14-20 November 2014 #732

Transgenic foods

While GM foods are argued to be unsafe, the current consensus of major scientific and medical bodies says otherwise
Science bytes by Roshan Karki

Earlier this year, protests against Monsanto led to Nepal’s Supreme Court to ban its GM (Genetically Modified) products in Nepal. This is justifiable given Monsanto’s past notoriety, but it skewed public perception on the biotechnology behind GM foods deemed to be products of ‘evil’ corporations that impose serious health risks.

While the debate on GM food safety has raged on for decades, the current consensus of major scientific and medical bodies is clear: GM foods are safe to consume. These organisations include WHO, FAO, European Commission, national academies of Sciences from USA, France, Brazil, Mexico, China, and India.The most comprehensive meta-analysis of 1783 peer-reviewed publications on GM crops did not demonstrate any health risk and posited little evidence of environmental damage.

Conversely, 30 years of data reviewed in annals of internal medicine, suggest organic food isn’t much nutritious or healthier than GM foods.
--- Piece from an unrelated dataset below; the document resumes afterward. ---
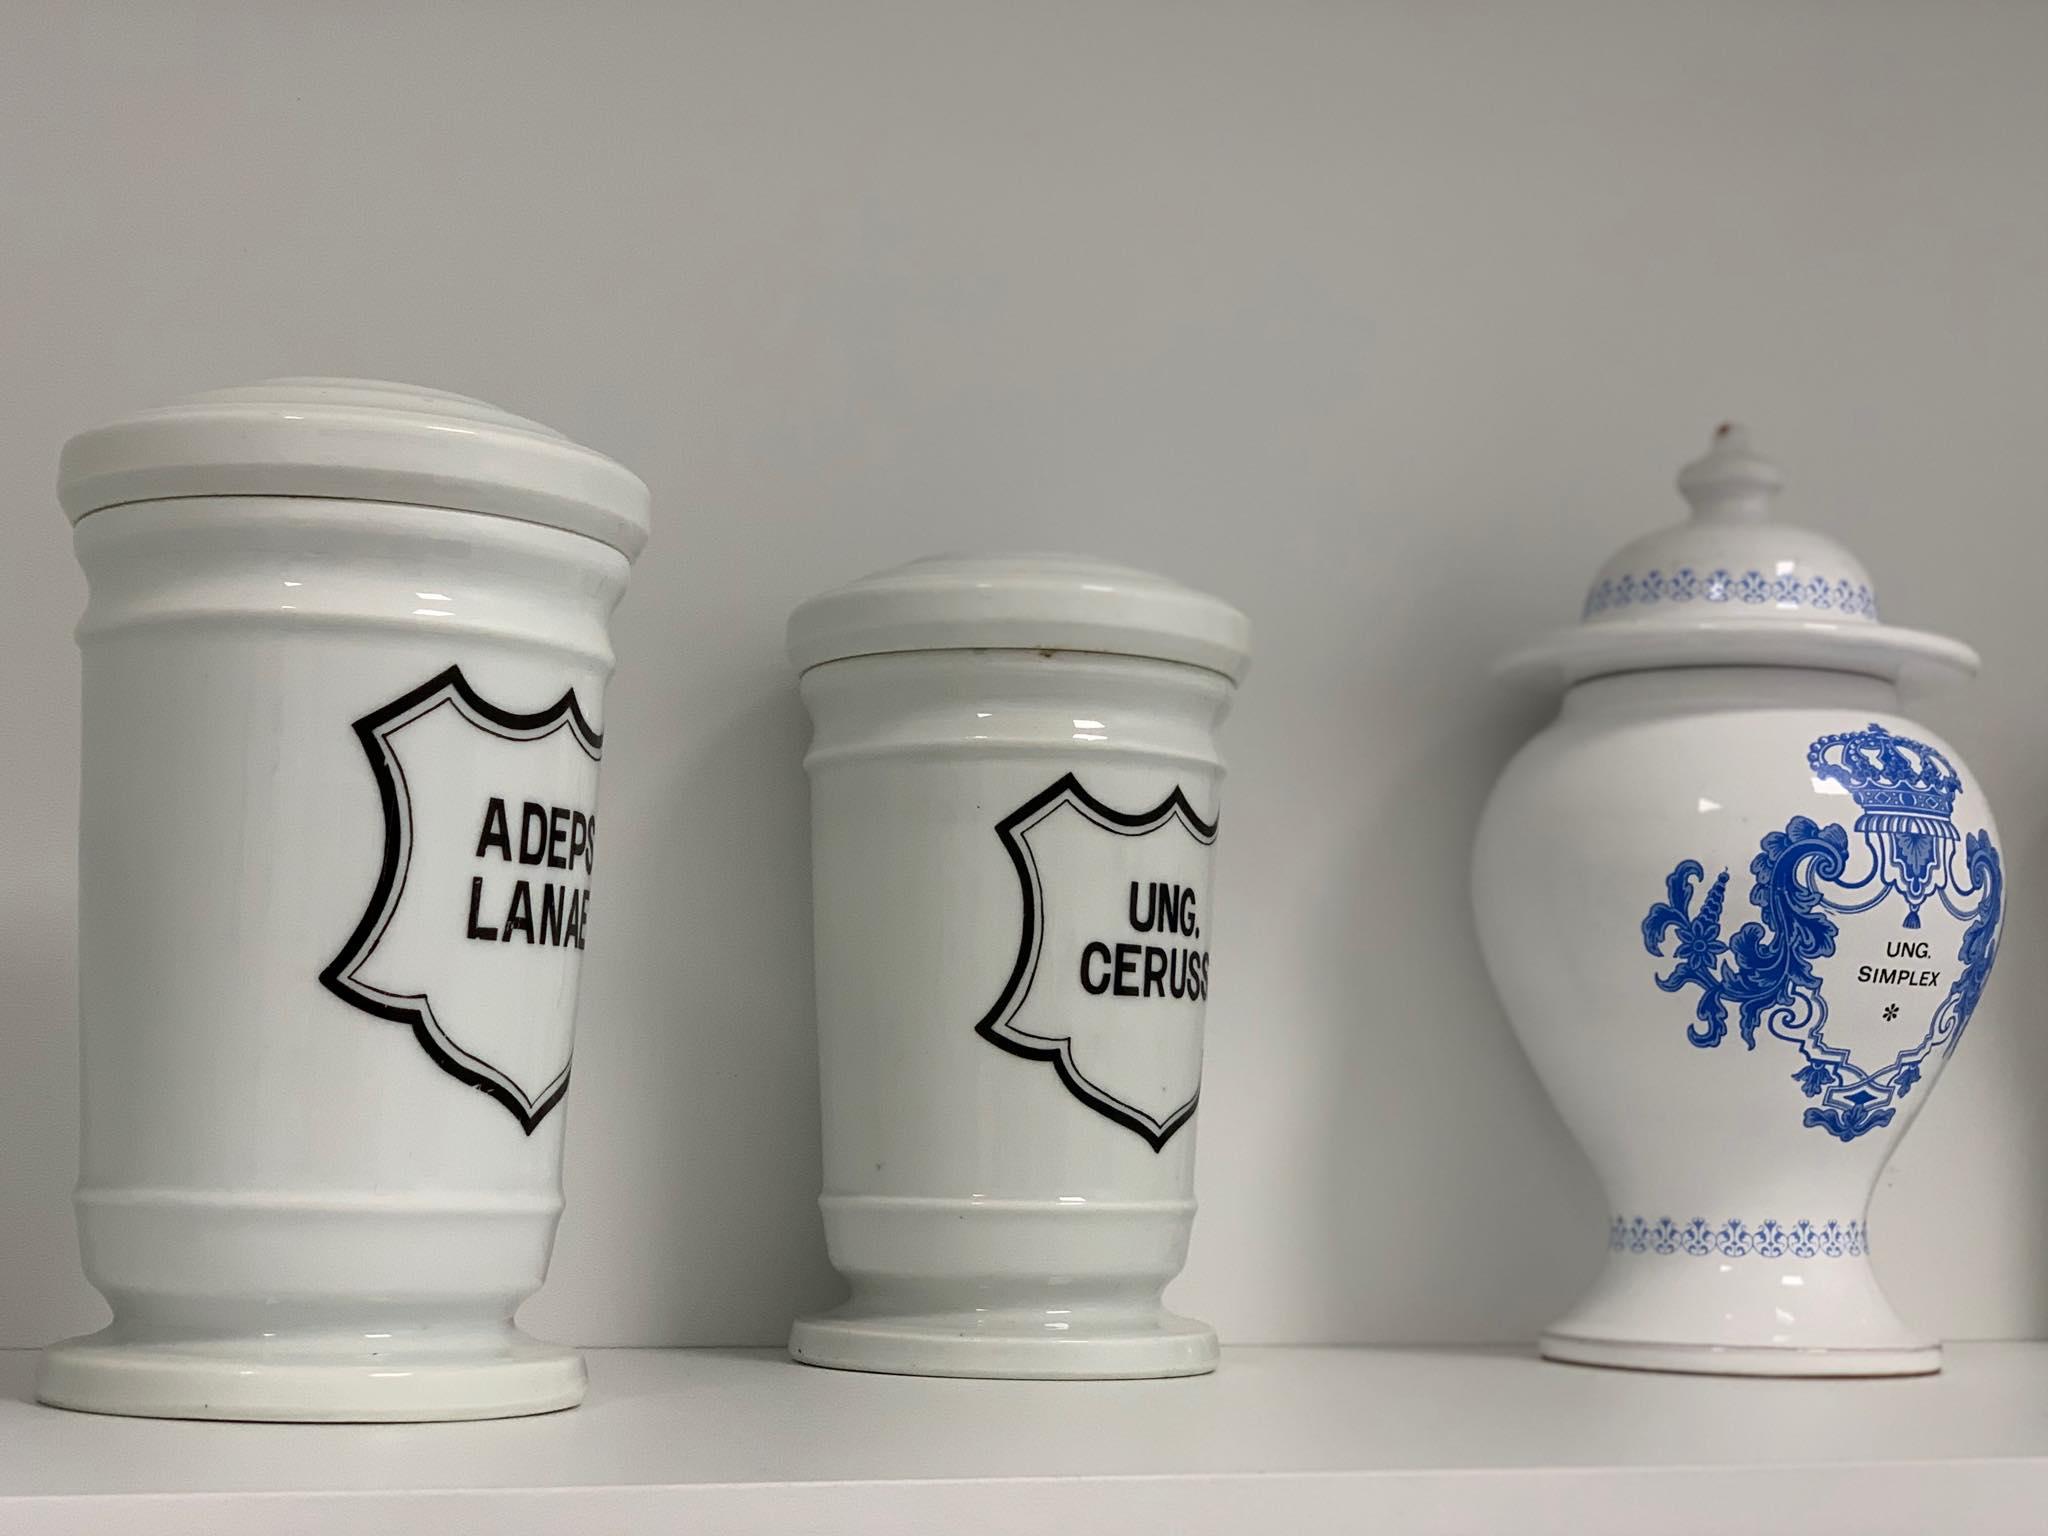 jars of drugs

Despite multiple scientific articles clearing the misinformation about GM food, it continues to evoke both fear and fury.

The fear stems from the idea that GM foods are made by ‘tampering with nature’. Humans have been genetically modifying every food we plant and eat today for thousands of years. Selective breeding has been deemed natural, but the action of myriad genes swapped during the process is difficult to predict. GM technology involves extracting a piece of DNA-usually a single gene- from an organism, modifying it as needed, and incorporating into the DNA of same or unrelated species.

The process is fast, efficient, and allows precise assessment of the modified gene aiding in development of many useful traits: plants that resist pests, herbicides, severe diseases or ones that produce vitamins, like the Golden Rice. In medicine, GM technology has been used to develop safer and cheaper vaccines, insulin for diabetic patients, and gene therapy- a treatment option for cancer.

The impact of GM foods on ecology, environment, and agriculture are legitimate concerns. The growing use of pesticides/herbicides that may result in superweeds and resistance against pests is alarming. The effects of GM foods on sustainable farming, monoculture practices, and farmers-corporations dynamics are noteworthy. However, these issues are even more telling in conventional and organic farming.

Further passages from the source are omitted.